For a long time, in fact, I thought myself lucky as a woman. I was not among the one in three women raped or sexually assaulted in this world, the one in three American children sexually abused by a male relative, the one in four American women living with abusive men. Our father’s abuse was of a different, more subtle kind. His aim was to punish our mother; we kids were just collateral damage. As a result, I do eventually show up in the statistics: the one in six American women who have been stalked and threatened with death.
Control is a continuum, extreme violence its endpoint.
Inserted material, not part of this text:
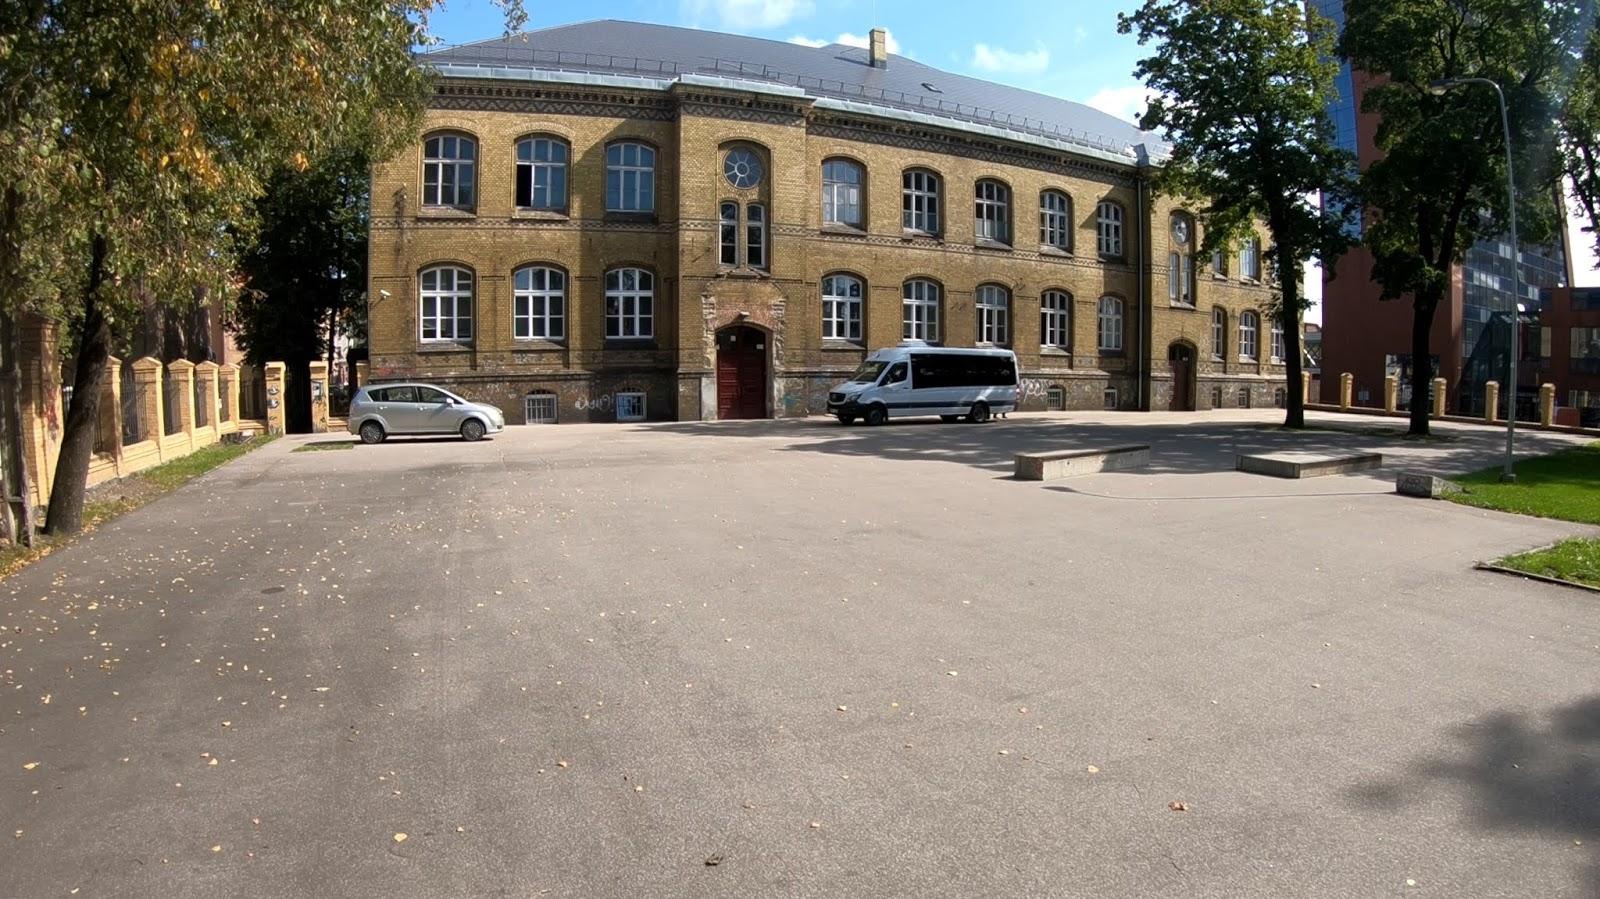 Дворик центра молодежи. Раньше тут был скейтпарк. 4 фото

It is always about punishing the person—often a woman—who refuses to be controlled.
More than half of mass shootings are committed by men who have attacked the women in their lives—former or current boyfriends or husbands or rejected suitors. Parkland High School in Florida in 2018: the perpetrator who slaughtered seventeen students previously threatened to kill his ex-girlfriend. UC Santa Barbara, 2014: the attacker pledged to “enter the hottest sorority house of UCSB and slaughter every single spoiled stuck-up blond slut I see.” Montréal, 1989: the shooter at the École Polytechnique separated female and male students before shouting “I hate feminists,” killing fourteen women and injuring another fourteen. San Jose, California, 2021: a man accused of domestic violence slaughtered eight coworkers.
“More and more we see misogyny as the gateway drug for extremists,” says the Southern Poverty Law Center, which in 2018 added “male supremacy” to the hate crimes it tracks across the United States.
I never wanted to write about my father, or my family, not really. The losses were still too raw. But then my countrymen—and many women—elected a misogynist in chief. He lifted every rock with glee, to free the ugly hatreds lurking just beneath. It’s no surprise to me his followers stormed the ramparts, spewing blood and bile. They want to put us all — black, brown, gay, female, trans—back in our boxes. The rage of white men in America is not just on the rise: it never really went away. It’s a toxin in the blood, a poisoned cocktail of resentment and entitlement, a fear that there won’t be enough to go around.
“A dying mule kicks the hardest,” a preacher said when the former president was first elected. I’d like to think he’s right. I try to reassure myself this bigotry and hate is just the last, tired gasp of men who think they’ll always run the show. But then, I know this kind of man too well: the kind who breaks whatever he can’t have, destroys the things he can’t control.